The forthcoming article “The Company You Keep: How Citizens Infer Party Positions on European Integration from Governing Coalition Arrangements” by James Adams, Lawrence Ezrow, and Christopher Wlezien is summarized by the authors here:
Democratic accountability requires citizens to inform themselves about political parties’ issue positions. Citizens may employ heuristic “shortcuts” to update their perceptions of parties’ positions, for a number of reasons, for example because collecting detailed political information is costly or because the political landscape is uncertain.
Our paper examines how citizens infer parties’ policies on European integration based on the set of parties participating in the coalition government. Recent studies document that voters infer that coalition partners’ Left-Right policy positions converge when these parties enter into a joint governing coalition. We show that citizens apply a similar coalition-based heuristic to infer parties’ positions along the European integration dimension. Specifically, citizens infer that, over time, junior coalition partners shift their European integration policies in the same direction as the Prime Ministerial (PM) party’s perceived shift on this issue. Figure 1 depicts these effects. It displays how the PM party’s perceived shift on European integration correlates strongly with the perceived policy shifts of its junior coalition partners, but not with opposition parties’ perceived shifts. (Junior coalition partners are displayed as a dotted line in the figure and opposition parties as a solid line, with shaded confidence intervals). These patterns suggest that voters employ a coalition-based heuristic to update their perceptions of party policy positions on European integration.
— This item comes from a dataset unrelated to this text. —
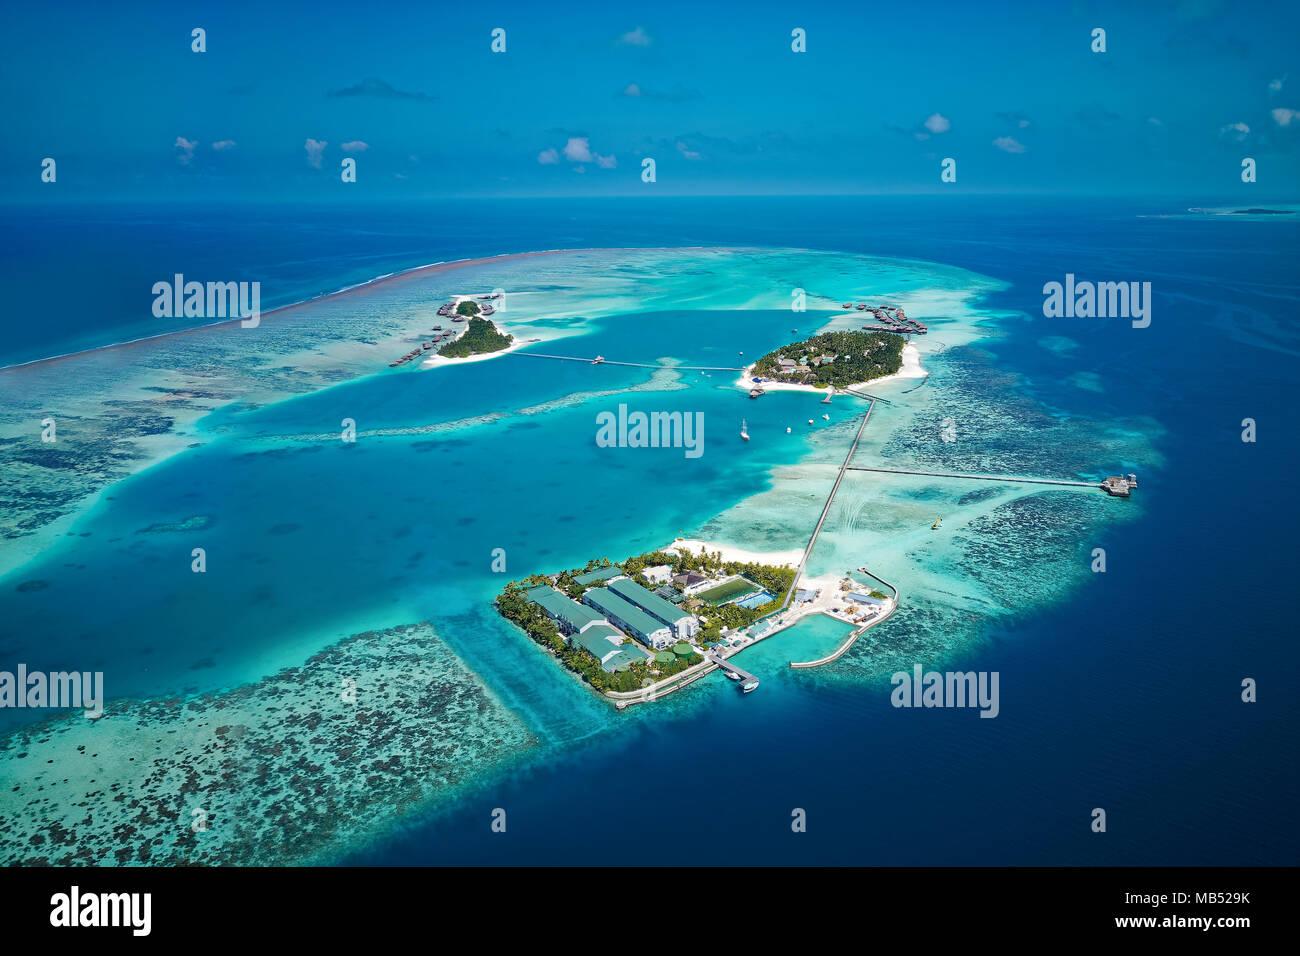 Conrad Maldives Rangali Island, luxury resort, coral reef, Rangalifinolhu, Ari Atoll, Indian Ocean, Maldives - Stock Image

Figure 1. Predicted effects of Perceived PM Party Shifts on the
Perceived Shifts of Junior Coalition Partners and Opposition Parties

Notes. The figure charts the predicted effects of the Prime Ministerial (PM) party’s perceived shift on the perceived shifts of junior coalition partners (the solid line) and on opposition parties (the dotted line), based on model estimates presented in the paper. The shaded regions are set so that the probability is under .05 that the predicted values overlap.
Furthermore, we show that citizens’ coalition-based inferences on European integration conflict with alternative measures of party positions; in particular, neither political experts’ perceptions of party positions nor the codings of parties’ election manifestos support voters’ inference that junior coalition partners adjust their own positions on Europe in response to the PM party’s policy shift. This disconnect implies that citizens might be cautious about applying the coalition-based heuristic to the European integration dimension. We also show that citizens’ perceptions of party positions on Europe matter, in that citizens react to parties’ perceived shifts by updating their own policy views and/or their party support, i.e., these perceived party policy shifts drive partisan sorting in the electorate.
Our findings have straightforward implications for mass-elite policy linkages and for parties’ election strategies. For example, the European issue is relevant to the strategic calculations of radical right parties, whose electoral appeal is tied to their anti-EU stances, including the National Front in France, Golden Dawn in Greece, the British National Party, and the Dutch PVV. To the extent that these parties’ images as staunch anti-EU parties are compromised when they govern in coalition with a more moderate Prime Ministerial party, these radical right parties may have electoral incentives to withhold this support from the government.